Sometimes, I just want to read a book on my laptop. Sometimes a page
monitor is just the thing.
- I need a gradebook program as powerful and complex as Grade Machine
that can export an entire "look up your own grades" module and update
it on the fly. I don't trust services like MyGradeBook.com; I was burned with
lost data from several dot-com flameouts and want my data on my
drive. Grade Machine needs to get its interface house in order and
update to OS X. And it should integrate with that whole standards
database thing I referred to earlier. Sweet mother of Abraham Lincoln,
do I have to draw a map? Someone get on this! And I'm not talking about
some crappy little DOS-ware port left over from a textbook CD from ten
years ago either!
- Someone take a look at the shareware over at www.EntryPoints.com. Anacrostics
makes double-acrostics. It hasn't been updated in years. It doesn't run
quite right in OS X. It won't print until you quit the program; it
doesn't remember your last settings; saved puzzles keep adding in
functions you turned off the last time you used it. Despite all this,
it's a great program because of what it does. If the folks over there
ever update it and fix it, I'll be ready to pay for it. Don't send me
links to crossword and word search programs (yawn).
- Interactive e-books. Fill in your name, and the bodice-ripper then
refers to you by name all the way through. Heck, that's halfway to a
holodeck. Oooh, then give that to your wife as a vacation book or a
Valentine's gift. Big points there, I'd say. Choose your own
ending updated with choices to click for preteen readers. E-books are a
niche product because they emulate poorly what a book already does.

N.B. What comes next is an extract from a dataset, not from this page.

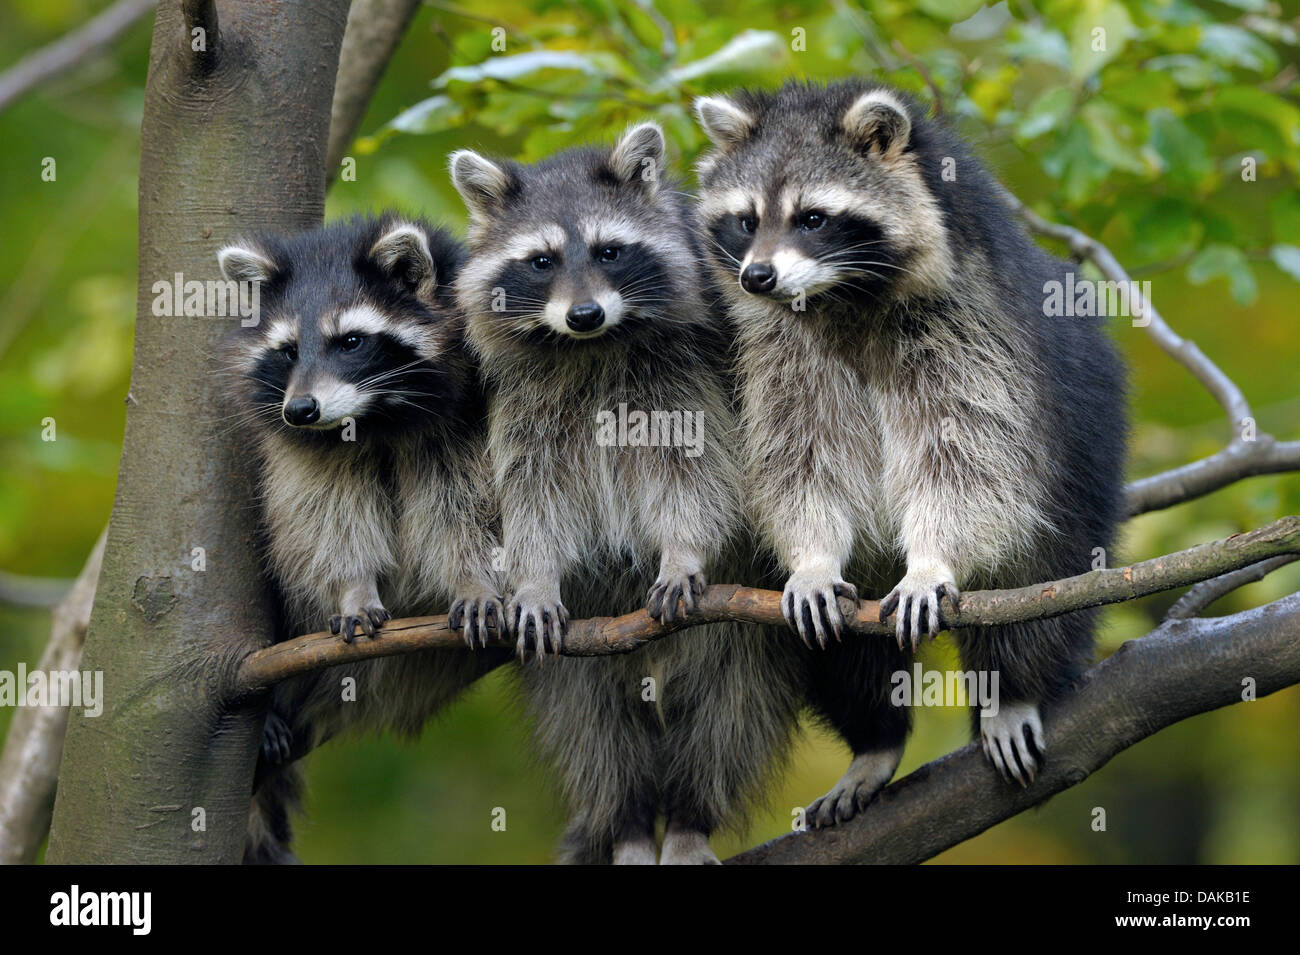 common raccoon (Procyon lotor), three raccoons sitting next to each other on a branch, Germany Stock Photo

Make e-books do something regular books can't, and you've started
developing a market. Potential big bucks here, but could be a dot-com
kind of thing, too. Depends on the quality of the product.
- Did you replace your old mouse with an optical one? Schools need
mouse balls. Physics teachers in particular. That's a hint. Haven't got
a clue how you'd make money at it, though. Some kind of kit to turn an
old mouse into a physics experiment. Maybe you could sell the idea to
Pasco or Vernier or someone.
- Lab equipment like Vernier sells, except it's all video based. In
the box you get a webcam, a ball, a car, a ramp, a pulley, etc.
Everything you need for one lab station. Total cost cannot exceed $150.
No interface boxes. You bundle VideoPoint video analysis software with
it. Ten workstations is $1,000. Hottest product since interfaces were
invented, I gar-on-tee.
- Outsource product idea generation. Okay, if high-tech jobs are not
protected, then neither are the ideas that generated them in the first
place. You see companies today saying things like, "We may outsource
the grunt work, but all the ideas are still made here in the USA. It's
the new economy." Where have we heard that before? Taking it to the
next level, the only thing the USA will supply is capital; even the
ideas will be outsourced to another country. You want to get in on this
before corporate figures that out? Start a new company that pays $0.25
bonuses to foreign programmers that propose new products that make it
to market. Whammo! Nothing left for us to do but flip cheeseburgers and
do shiatsu massage.
Before you fire off one of those "your ideas are so lame" missives,
just remember that if I can crank out ten ideas while sitting here with
a toothache distracting me and papers that need grading, then why the
heck can't these geniuses whining to the press do even better?
I'd tell you more, but the wise-ass article competition from Burma
is just killing me. I'm going home to grow sweet potatoes.